1 2 3 4 5 6 7 8 9 10 11 12 13 14 15 16 17 18 19 20 21 22 23 24 25 26 27 28 29 30 31 32 33 34 35 36 37 38 39 40 41 42 43 44 45 46 47 48 49 50 51 52 53 54 55 56 57 58 59 60 61 62 63 64 65 66 67 68 69 70 71 72 73 74 75 76 77 78 79 80 81 82 83 84 85 86 87 88 89 90 91 92 93 94 95 96 97 98 99 100 101 102 103 104 105 106 107 108 109 110 111 112 113 114 115 116 117 118 119 120 121 122 123 124 125 126 127 128 129 130 131 132 133 134 135 136 137 138 139 140 141 142 143 144 145 146 147 148 149 150 151 152 153 154 155 156 157 158 159 160 161 162 163 164 165 166 167 168 169 170 171 172 173 174 175 176 177 178 179 180 181
«Я уже сделала свой выбор, и если не буду счастлива в жизни, в неискренности, по крайней мере, не смогу себя упрекнуть», – припомнились ее слова из письма.

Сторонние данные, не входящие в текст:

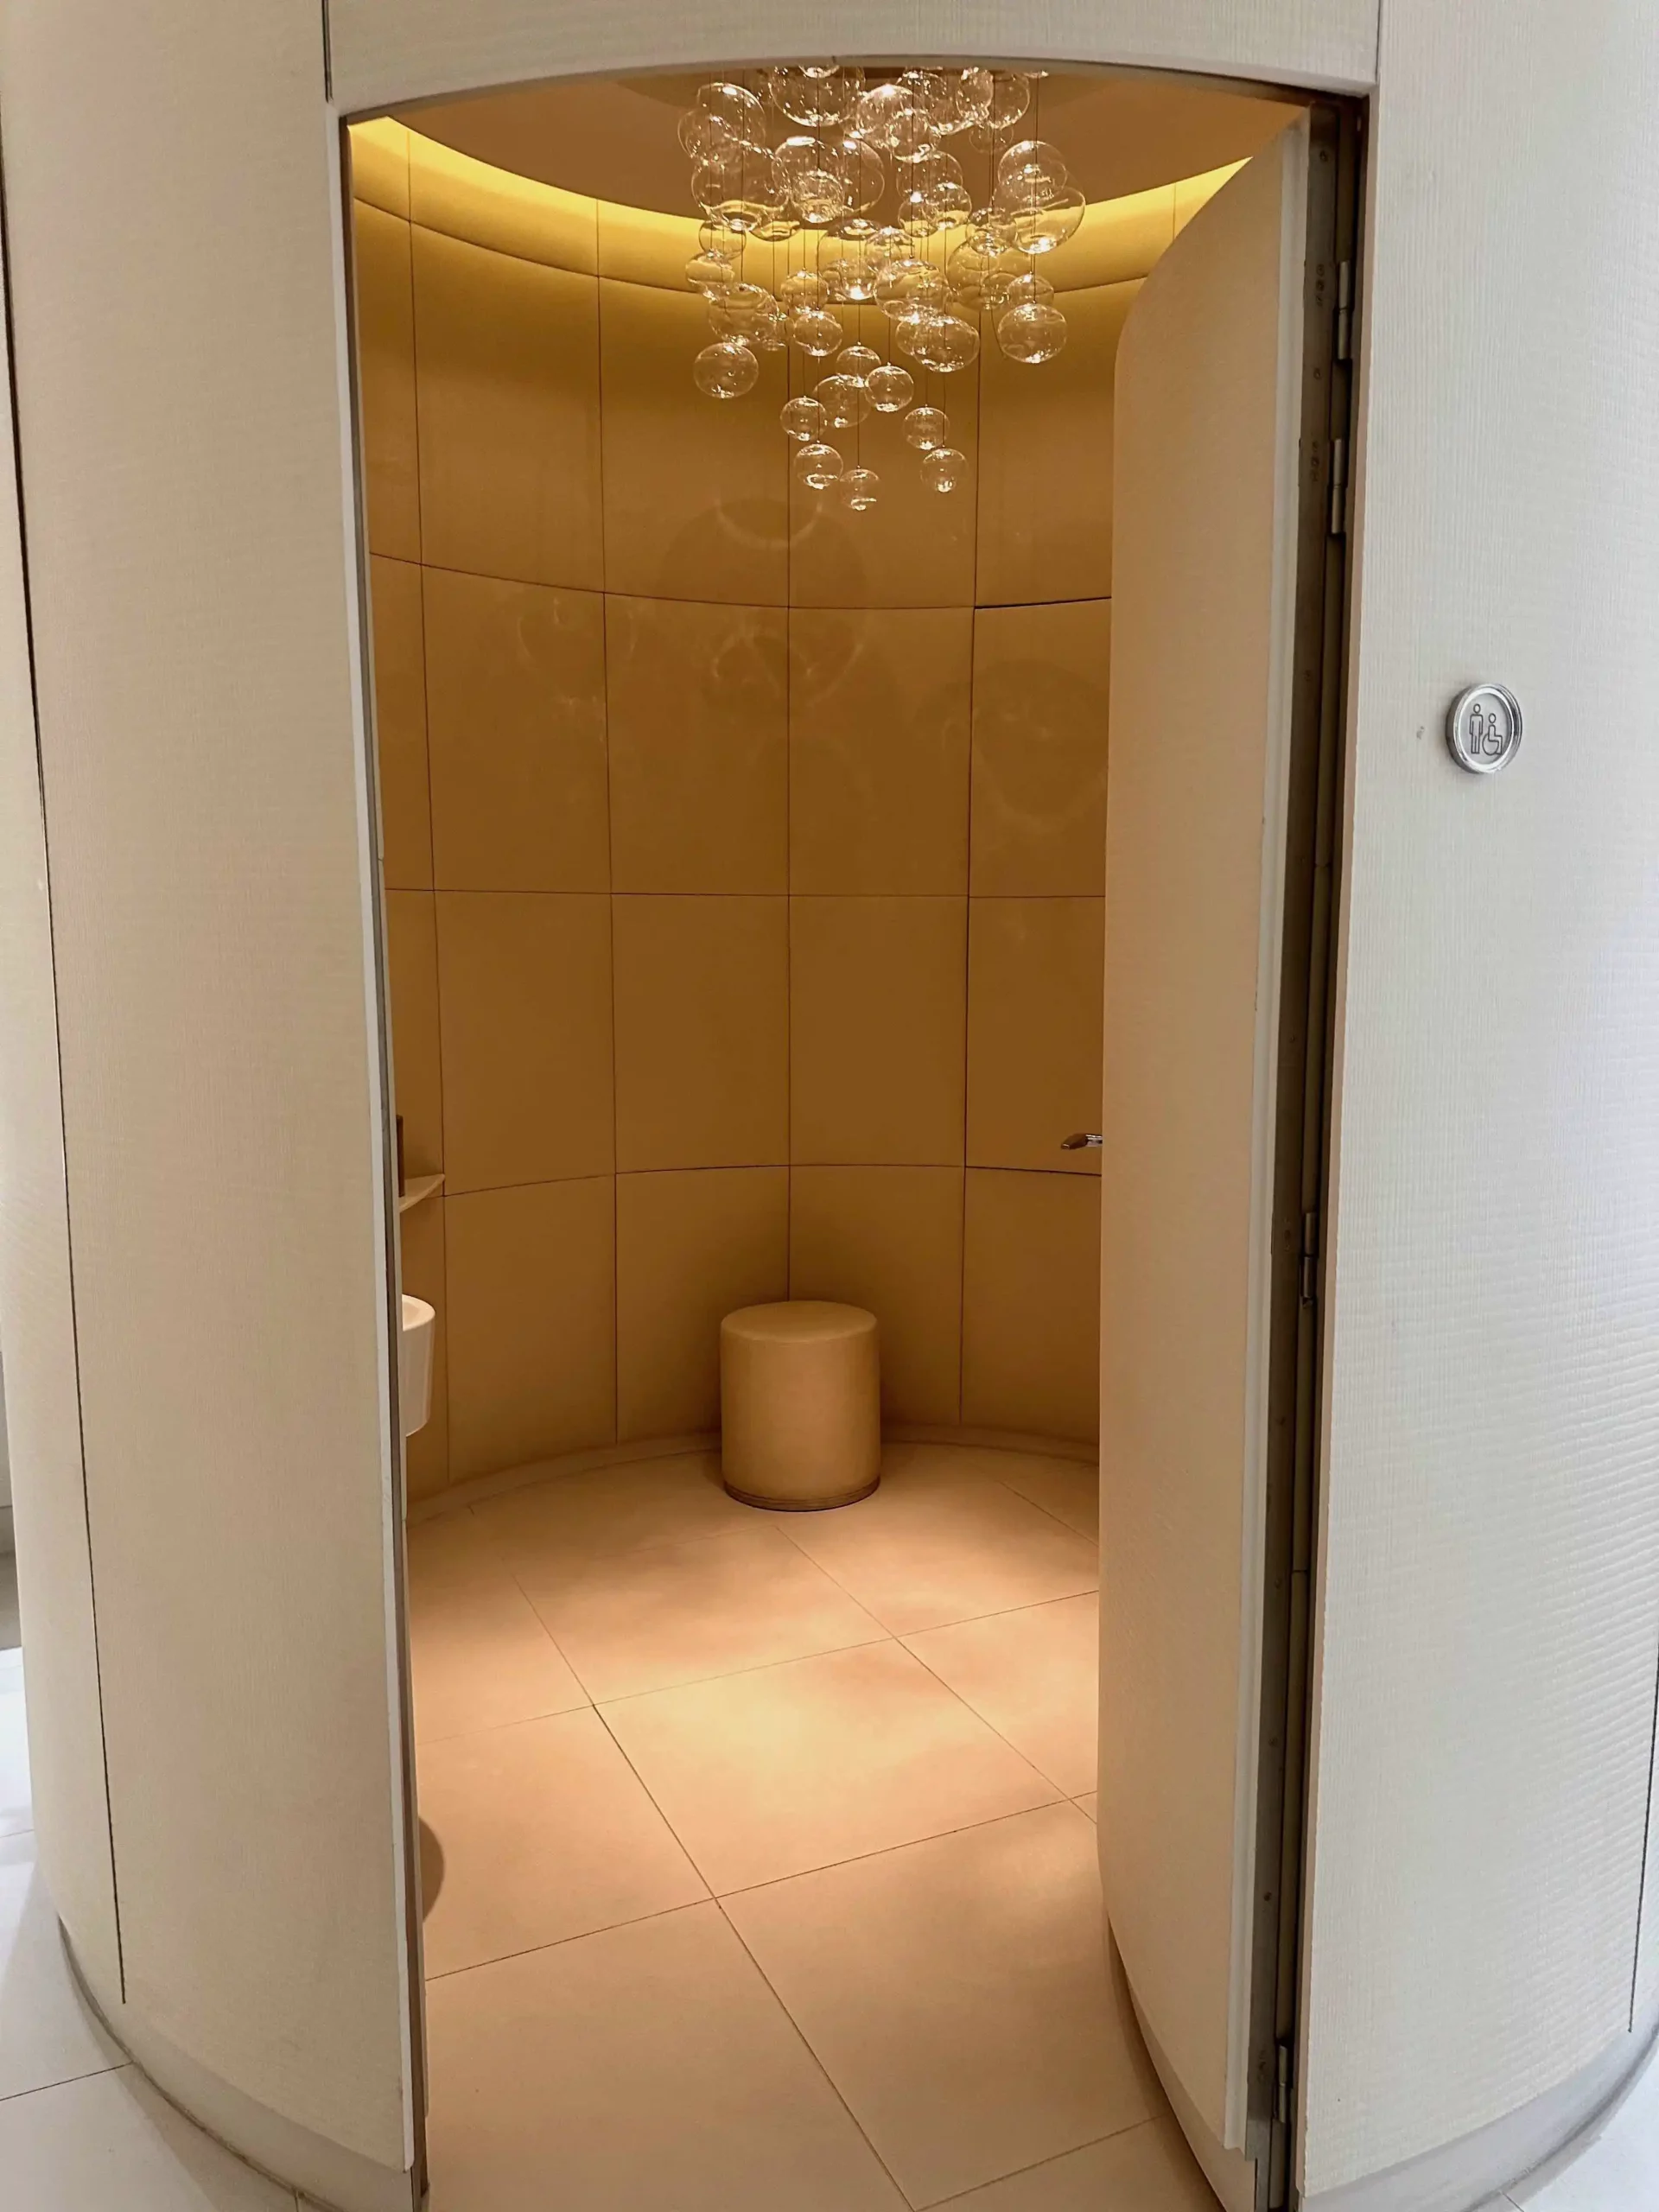 a bathroom with a round object

Только теперь он понял их значение, их трагический смысл. Пренебрегши светскими условностями, не боясь пересудов, молодая девушка ухаживает за самоубийцей. Что это может значить? Ясно как божий день. Коповский, правда, уехал с другой, но она никогда и не скрывала о нем своего мнения, а вместе с тем, будь ей безразличен Завиловский, не стала бы она дежурить у его постели.
– Сдается мне, что я осел! – пробормотал Свирский.
Но это был не единственный вывод, к которому он пришел по здравом размышлении. Тоска по Стефании, по упущенным возможностям и поздние сожаления охватили его. «Опять дал маху, старина! – сказал он себе. – Да так тебе и надо! Хороший человек отнесся бы к ней с участием, а ты стал возводить на нее напраслину, осуждать за любовь к дураку, за притворство, ограниченность; оговорил перед Марыней и Поланецким. Ты был несправедлив к кроткой, несчастной девушке – и не потому, что болезненно переживал ее отказ, а потому, что уязвили твое самолюбие. Так тебе и надо! Так и надо! Ты осел и ее не стоишь – и всю жизнь до гробовой доски будешь маяться в одиночестве, как мандрил в зверинце».
В упреках этих была доля правды. Стефанию он в самом деле не любил, но отказ ее задел его больнее, чем можно было ожидать. И, не в силах совладать с разочарованием, призвал он на помощь свои общие суждения о женщинах, беря в пример панну Ратковскую, отыгрываясь на ней.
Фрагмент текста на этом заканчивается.